The contribution of the electrons to any of the thermodynamic properties of a material can be calculated from the electron density of states. The density of states for a material can be determined by a band-structure calculation. It is possible to calculate a band structure yourself using a program like Quantum Espresso, or many densities of states can be found at The Materials Project. Some example electron densities of states are listed below.

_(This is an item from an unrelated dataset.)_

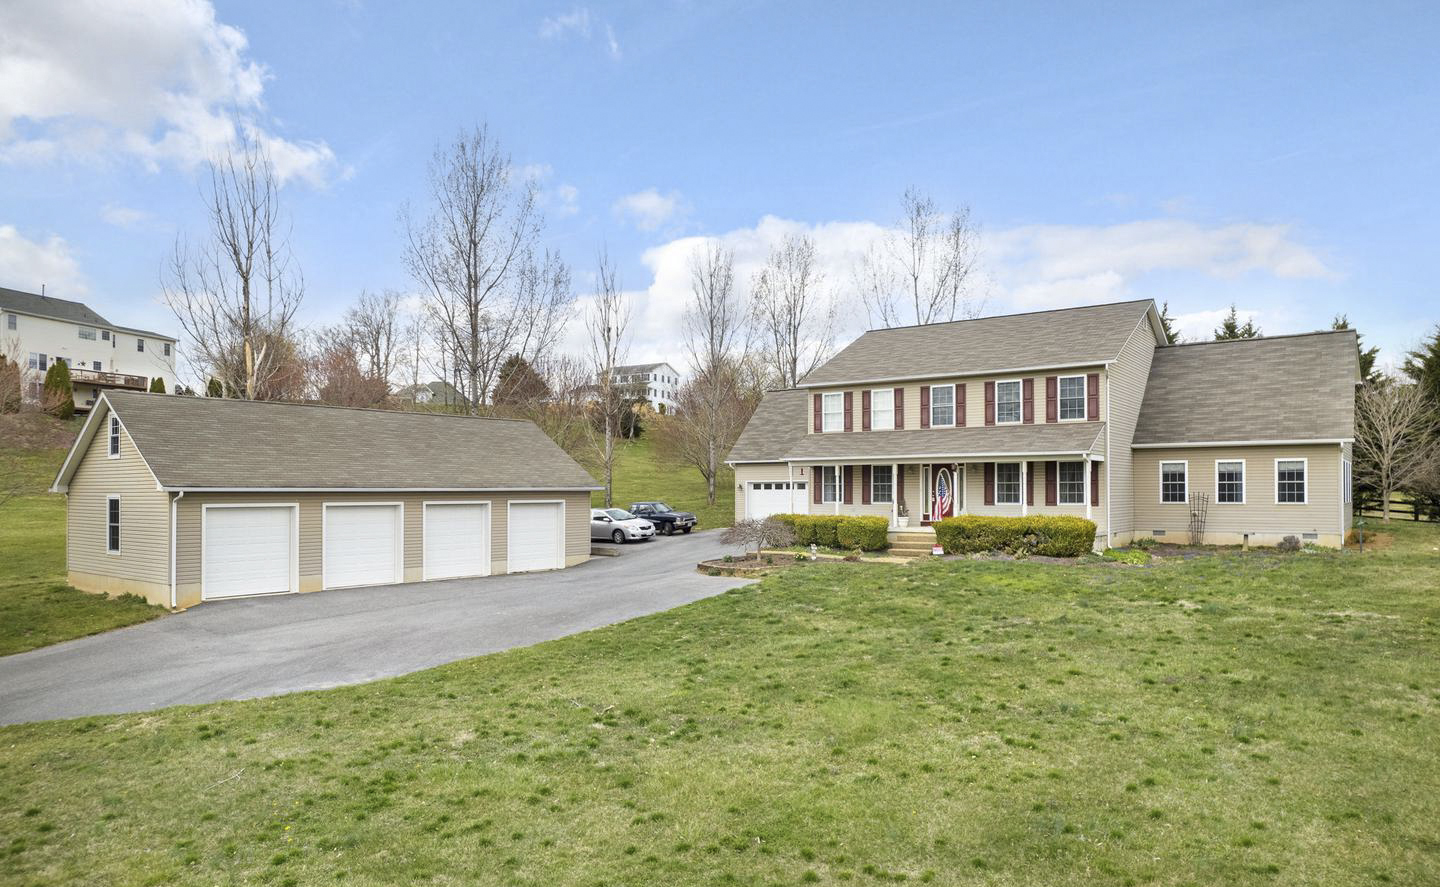 120 Meeting House Dr | Winchester, VA
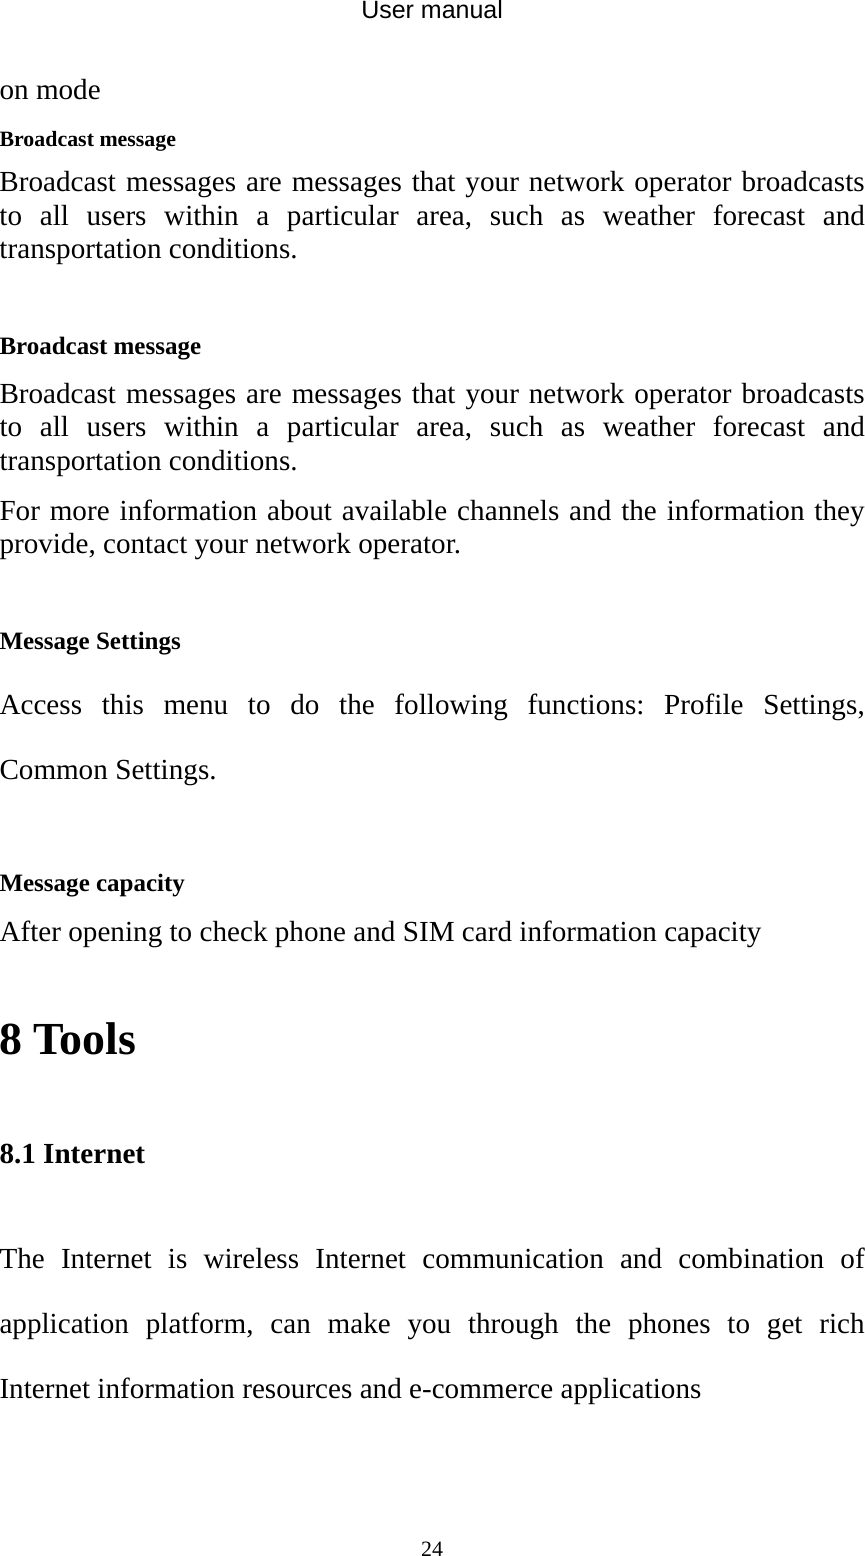 User manual  24on mode   Broadcast message Broadcast messages are messages that your network operator broadcasts to all users within a particular area, such as weather forecast and transportation conditions.  Broadcast message Broadcast messages are messages that your network operator broadcasts to all users within a particular area, such as weather forecast and transportation conditions. For more information about available channels and the information they provide, contact your network operator.  Message Settings Access this menu to do the following functions: Profile Settings, Common Settings.  Message capacity After opening to check phone and SIM card information capacity 8 Tools 8.1 Internet The Internet is wireless Internet communication and combination of application platform, can make you through the phones to get rich Internet information resources and e-commerce applications

Al fcc, Au fcc, Cu fcc, Cr bcc, Li bcc, Na bcc, Pt fcc, W bcc, Si diamond, Fe bcc, Ni fcc, Co fcc, Mn bcc, Cr bcc, Gd hcp, Pd fcc, Pd₃Cr, Pd₃Mn, PdCr, PdMn, GaN, 6H SiC, GaAs, GaP, Ge, InAs, V bcc

Other thermodynamic quantities can then be calculated using the standard formulas of thermodynamics. Some of these quantities are listed below. Each quantity is expressed as an integral over the density of states. On the right are buttons that link to programs that will numerically calculate the thermodynamic quantities given the electron density and a tabulated density of states. The numerical calculation proceeds by first calculating the chemical potential from the electron density and then using this value of the chemical potential to determine the other thermodynamic quantities.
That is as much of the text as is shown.